Samsung has called several of the Mountain View, California-based company's engineers to argue that it didn't need to copy Apple to equip its phones with innovative technology.
Going into trial last month, the world's top two smartphone makers already had spent hundreds of millions of dollars in legal fees in battles across four continents to dominate a market that was valued at $338.2 billion last year, according to data compiled by Bloomberg.
Samsung had 31 per cent of industry revenue, compared with 15 per cent for Apple, whose share of the market has shrunk as the touch-screen interface has become commonplace and Samsung, LG Electronics and Lenovo Group have introduced lower- cost alternatives.
Apple's presentation of Google attorney James Maccoun's testimony, with the dates and details he provided about a "Mobile Application Distribution Agreement" between Google and Samsung, was intended to show the jury that Samsung hasn't been forthcoming about Google's behind-the-scenes role.
"This is an offer that Google made," Maccoun testified when asked about indemnification. "I have no reason to believe that has changed."
Maccoun testified about email discussions, as early as April 2012, concerning the companies' agreement, five months before Samsung issued its statement denying that it sought indemnification.
The Google lawyer acknowledged that Samsung is indemnified against claims pertaining to at least two of the five patents at issue in the trial, with Google designated "to control the litigation and defense" of those claims.
The questioning of Maccoun didn't reveal how much Google will pay, or if it has paid for any of the litigation to date.
Adam Yates, a spokesman for Samsung, Matt Kallman, a spokesman for Google, and Colin Johnson, a spokesman for Apple, declined to comment on the testimony.
Apple, which was awarded $930 million in damages after the companies' first US trial two years ago, this time is demanding as much as $40 for each of more than 37 million Samsung devices it says are infringing patents.
Apple wasn't able to persuade a federal judge to convert its 2012 trial victory into a ban on US sales of infringing Samsung devices, a goal that the iPhone maker said was more important than monetary compensation.

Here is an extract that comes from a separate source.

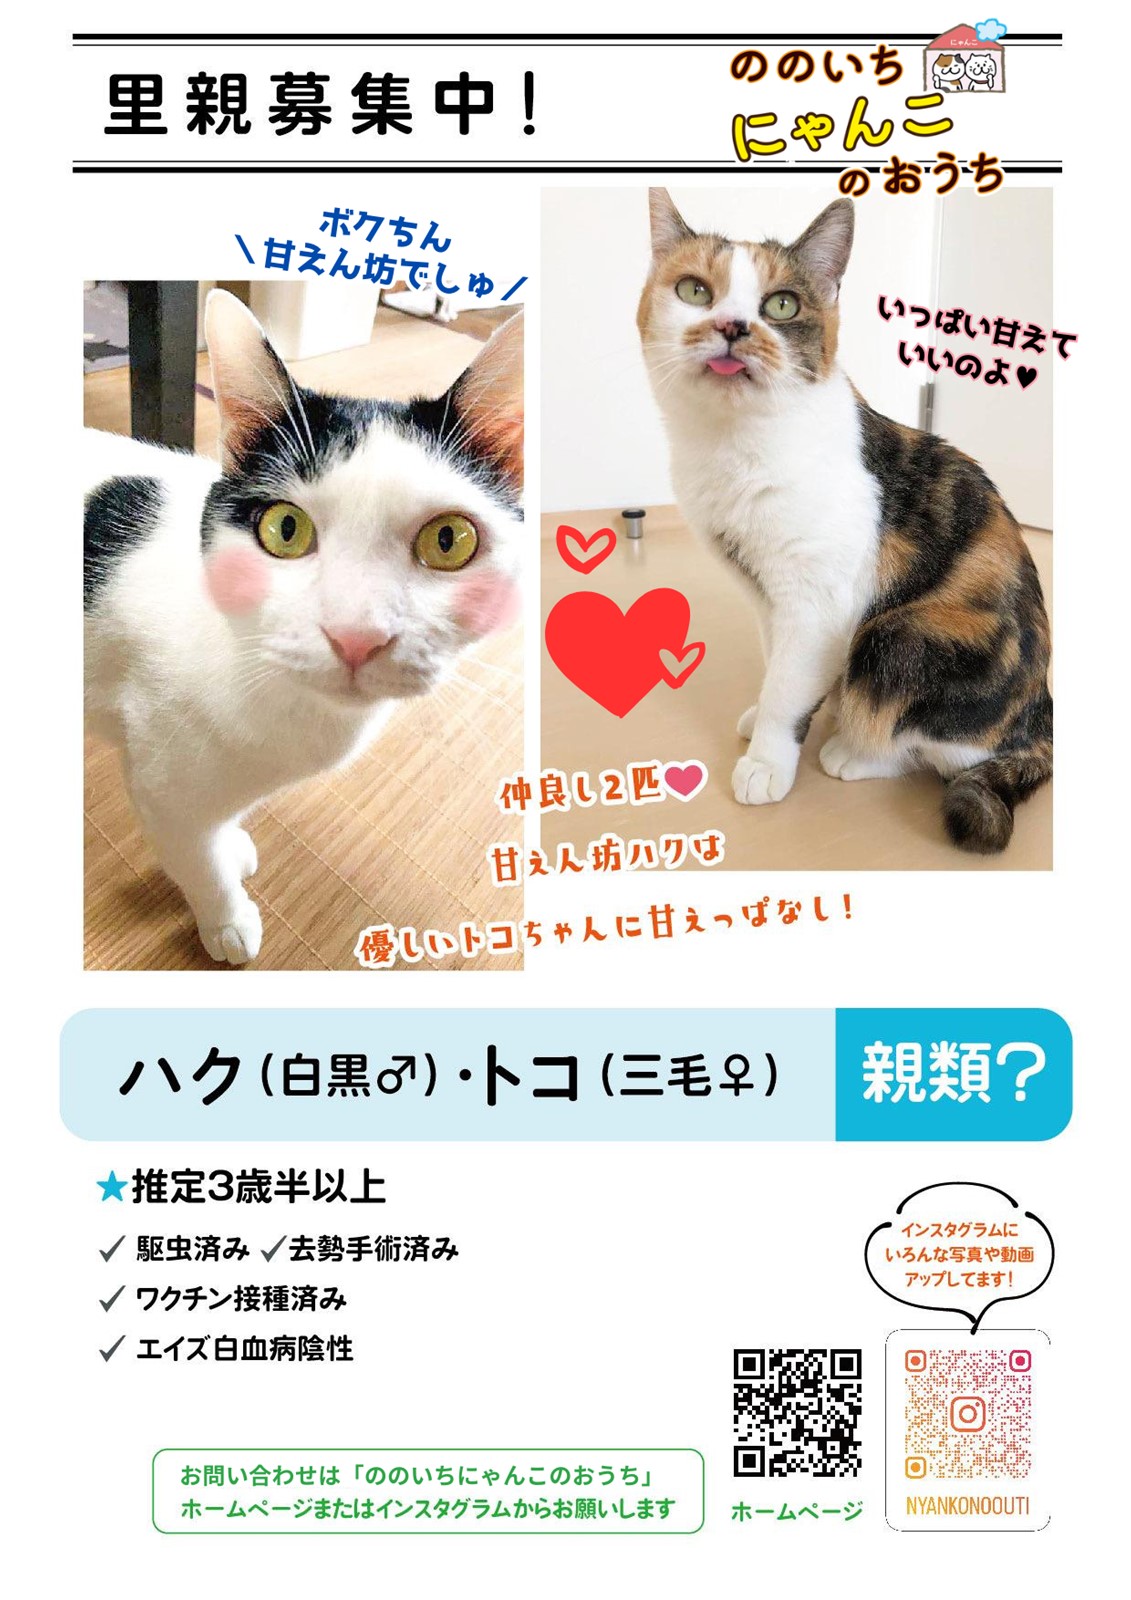 ののいちにゃんこのおうち様より　里親募集中の保護猫「ハクくん」「トコちゃん」のご紹介　石川県野々市市

Apple claims that 10 Samsung products, including the Galaxy S3, infringe five patents covering a range of user-interface designs for the iOS software that powers iPhones and iPads, including features like the slide-to-unlock function, automatic spelling corrections, and the ability for a user to make a call by clicking on a phone number within a Web page or email instead of having to dial it separately.
Other functions Cupertino, California-based Apple says are covered by its patents include searching for words in files stored in different applications and updating applications while using other features of the phone.
In the 2012 case, jurors found infringement by Samsung of six of the seven Apple patents at issue and rejected all of Samsung's patent claims against Apple.
In the current trial, Samsung alleges that two of its patents are infringed by Apple's iPhone 4 and 5 models and fourth- and fifth-generation iPods.
Apple is seeking $2.19 billion in damages while Samsung is asking the jury to award $6.2 million for Apple's infringement.
The disparity in the companies' demands "reflects a strategic decision by Samsung to portray Apple as greedy, given the remarkably high per-phone price Apple is seeking," Mark Lemley, a Stanford Law School professor specialising in intellectual property, said in an email.
He said the difference in damages requests also helps explain why the the companies didn't settle out of court with cross-licencing agreements.
"Apple clearly thinks - rightly or wrongly - that their patents are worth much more than Samsung does," he said.
Apple attempted to turn the tables on Samsung's tactics by arguing that the Galaxy-maker chose to present low-value patents at trial - which were purchased, and not awarded to the company - to low-ball potential damages in the case.
To make this point, Apple's lawyer, Bill Lee, got Samsung's damages expert to agree that Samsung paid $2.3 million for two patents in 2011 covering video compression, one of which is at issue in the trial.
The patent is "not the work of anyone at Samsung," said the witness, James Kearl, an economics professor at Brigham Young University. He acknowledged the Samsung paid him and other consultants $3.1 million to figure out how much compensation the company deserves.
Kearl also agreed that the patent Samsung is suing over is expired, and that Samsung purchased it after Apple met with the company and asked it to stop its infringement, and after Apple filed its second lawsuit, the one now at trial.
Samsung added 1 per cent to close at 1,389,000 won in Seoul. The benchmark Kospi index lost 0.2 per cent.